----- Input data -----

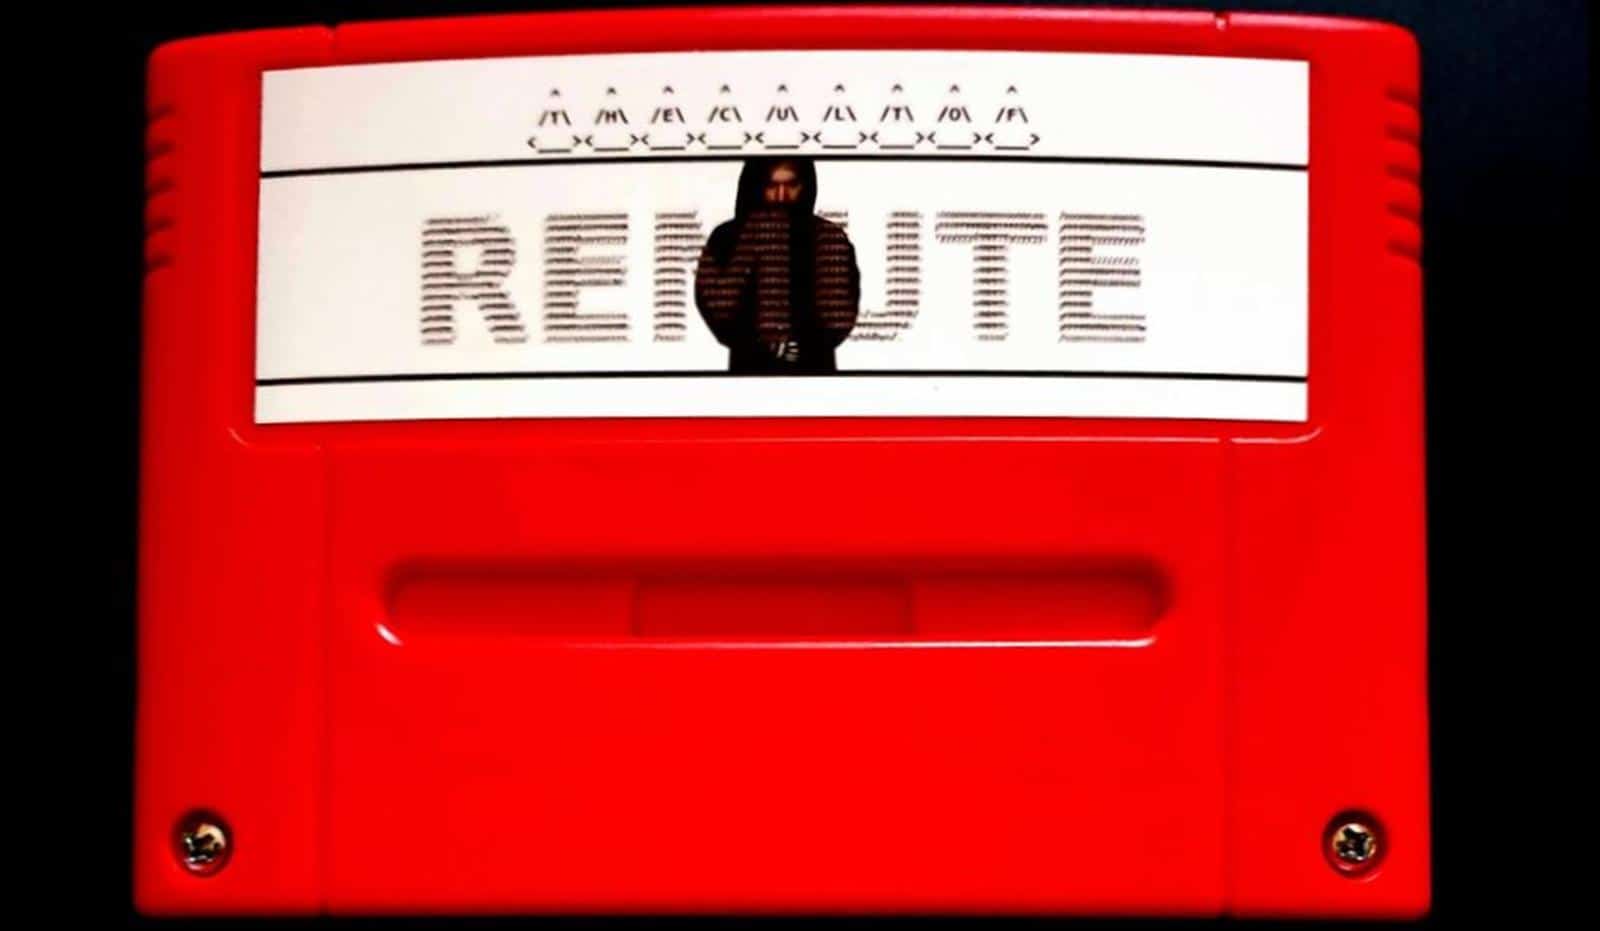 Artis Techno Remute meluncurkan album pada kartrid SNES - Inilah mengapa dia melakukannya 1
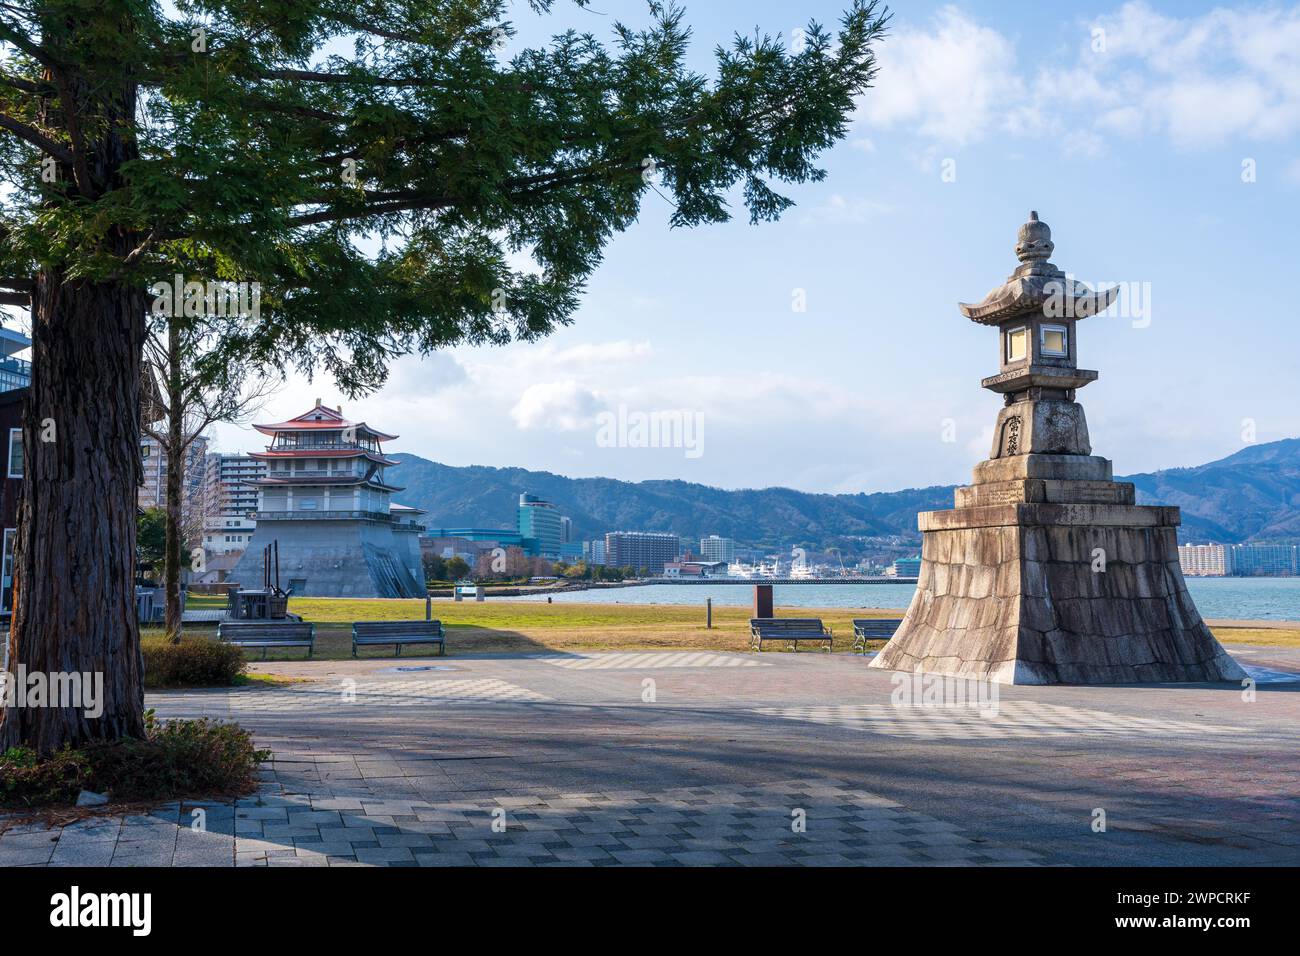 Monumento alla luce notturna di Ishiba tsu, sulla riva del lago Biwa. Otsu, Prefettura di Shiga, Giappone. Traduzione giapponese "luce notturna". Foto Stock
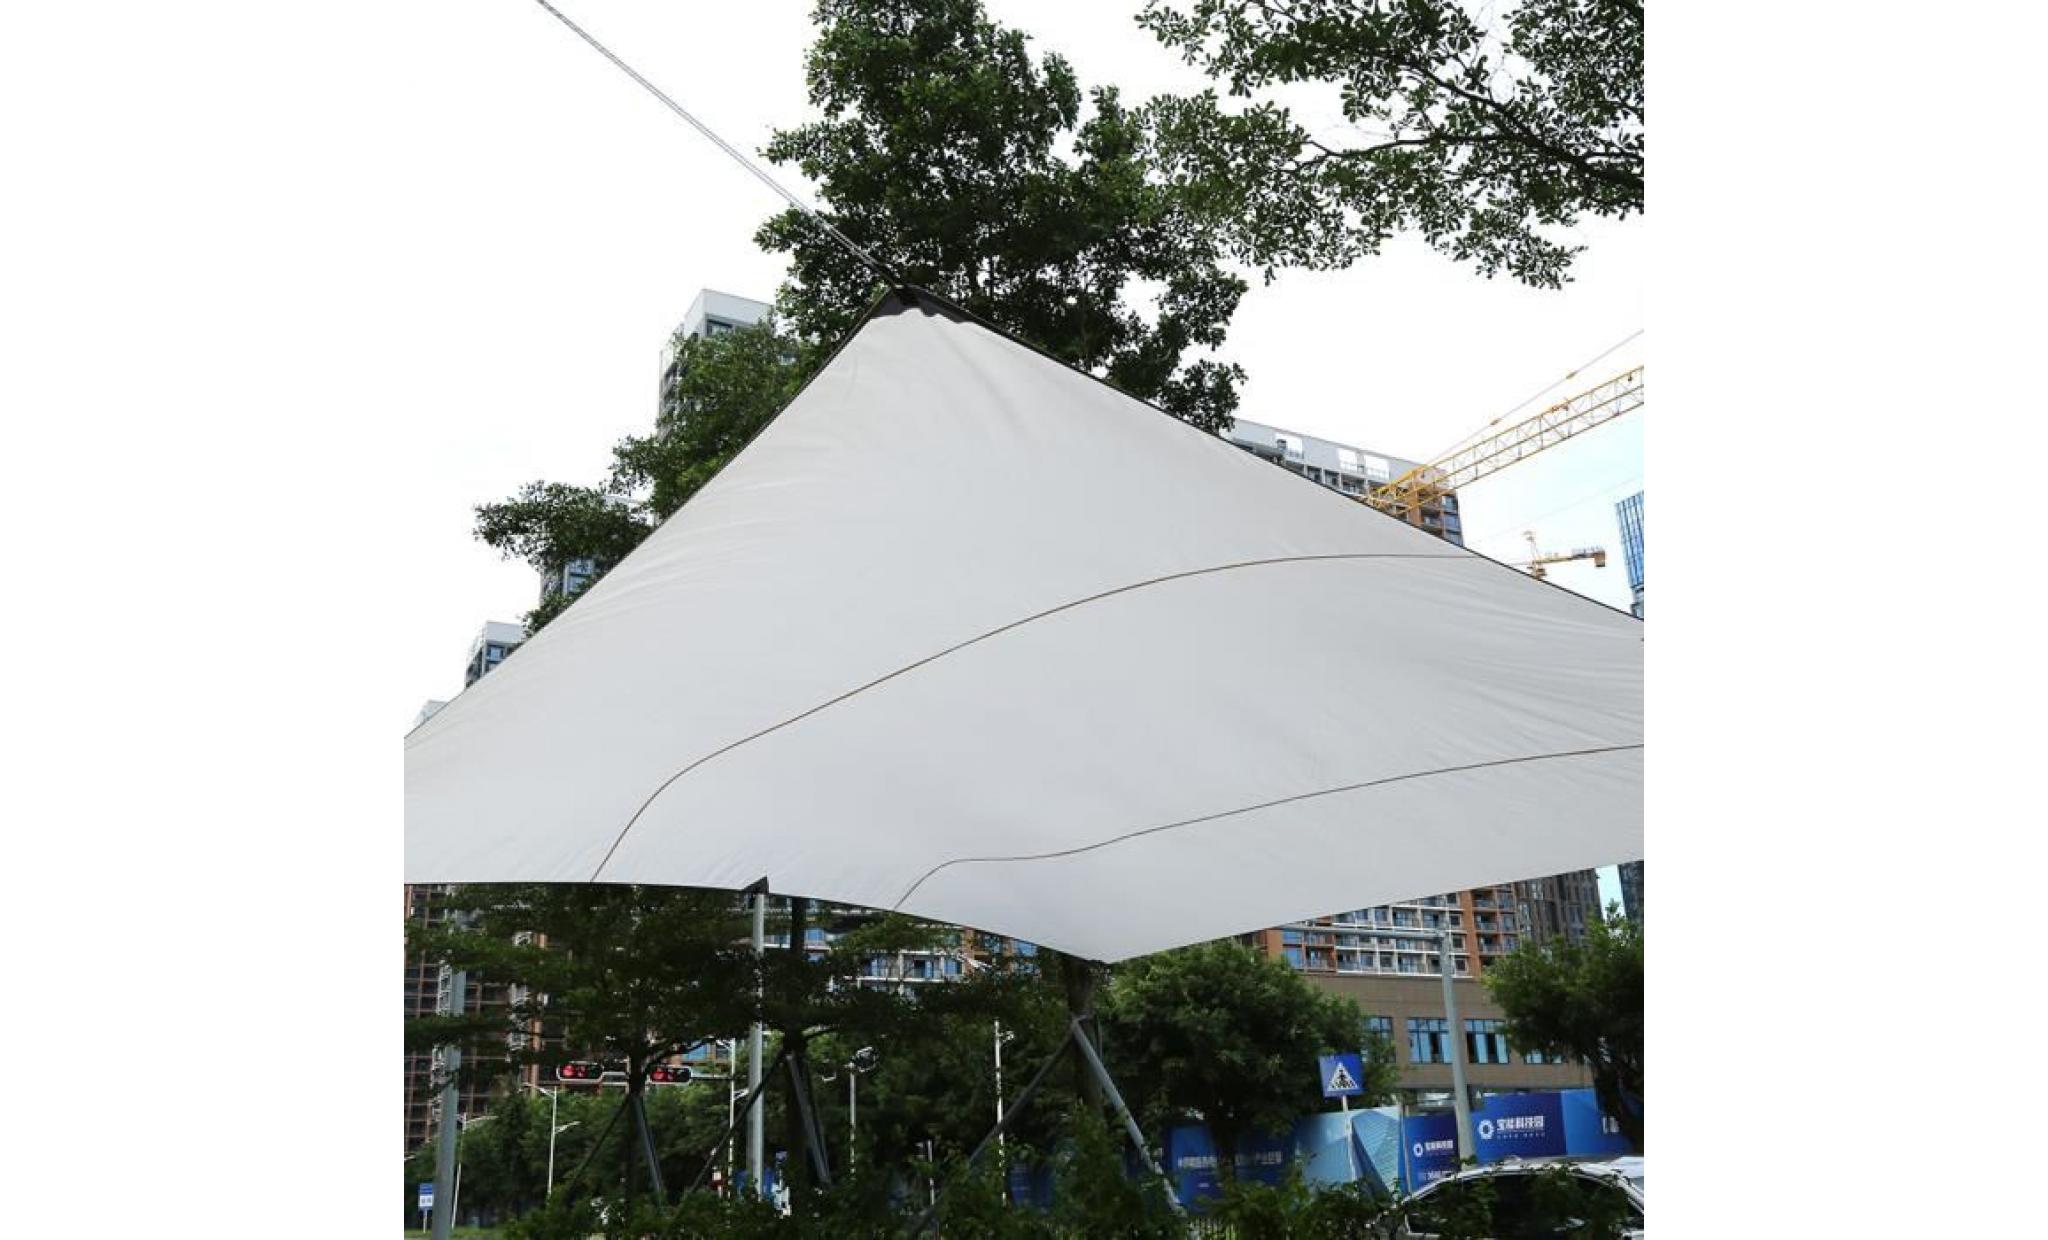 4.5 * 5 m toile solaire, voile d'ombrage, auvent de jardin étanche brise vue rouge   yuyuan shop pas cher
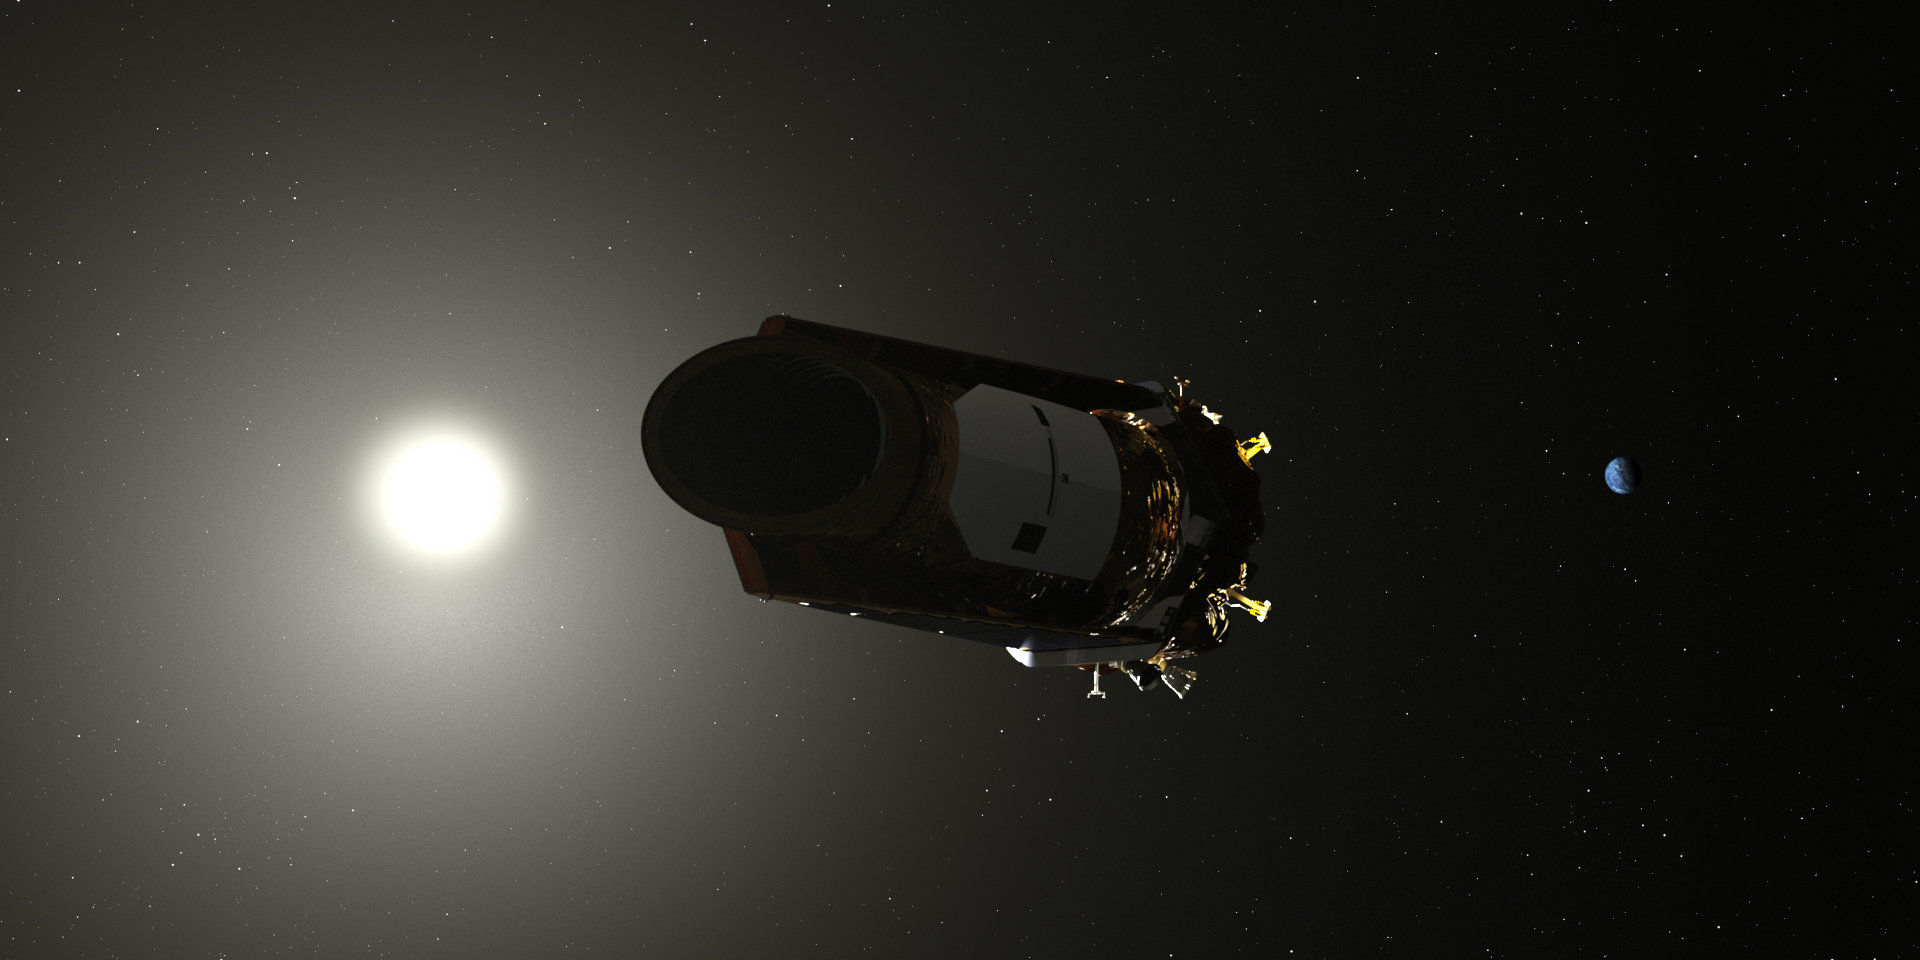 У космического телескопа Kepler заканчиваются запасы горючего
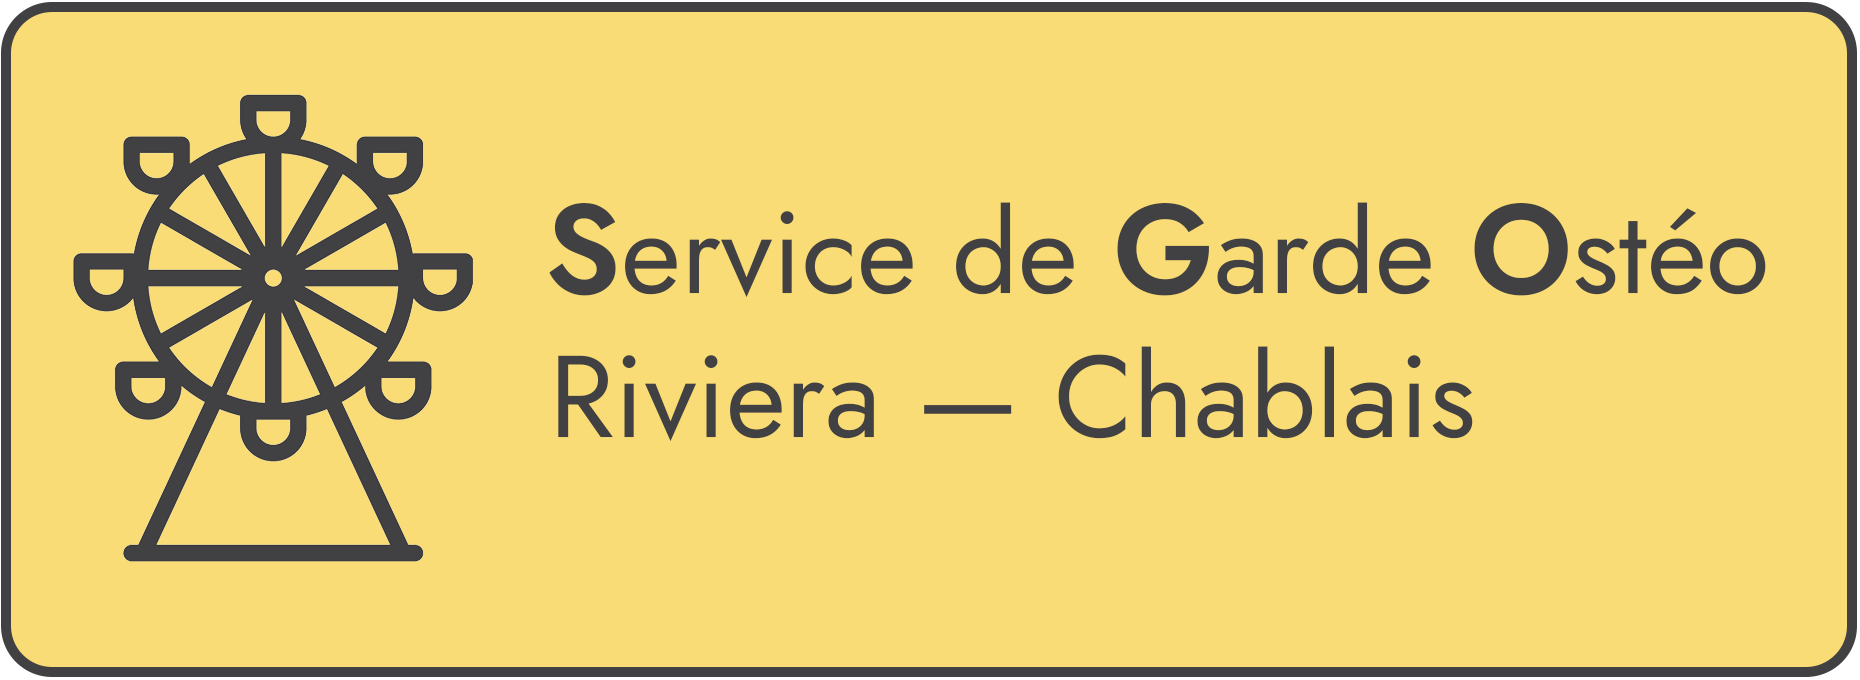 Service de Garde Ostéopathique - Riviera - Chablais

-----

◆ **Activity**
Return every entry from the listing above exactly as it stands, leaving out any picture.

◆ **The completed task**
 Artis Techno Remute meluncurkan album pada kartrid SNES - Inilah mengapa dia melakukannya 1
 Monumento alla luce notturna di Ishiba tsu, sulla riva del lago Biwa. Otsu, Prefettura di Shiga, Giappone. Traduzione giapponese "luce notturna". Foto Stock
 4.5 * 5 m toile solaire, voile d'ombrage, auvent de jardin étanche brise vue rouge   yuyuan shop pas cher
 У космического телескопа Kepler заканчиваются запасы горючего
 Service de Garde Ostéopathique - Riviera - Chablais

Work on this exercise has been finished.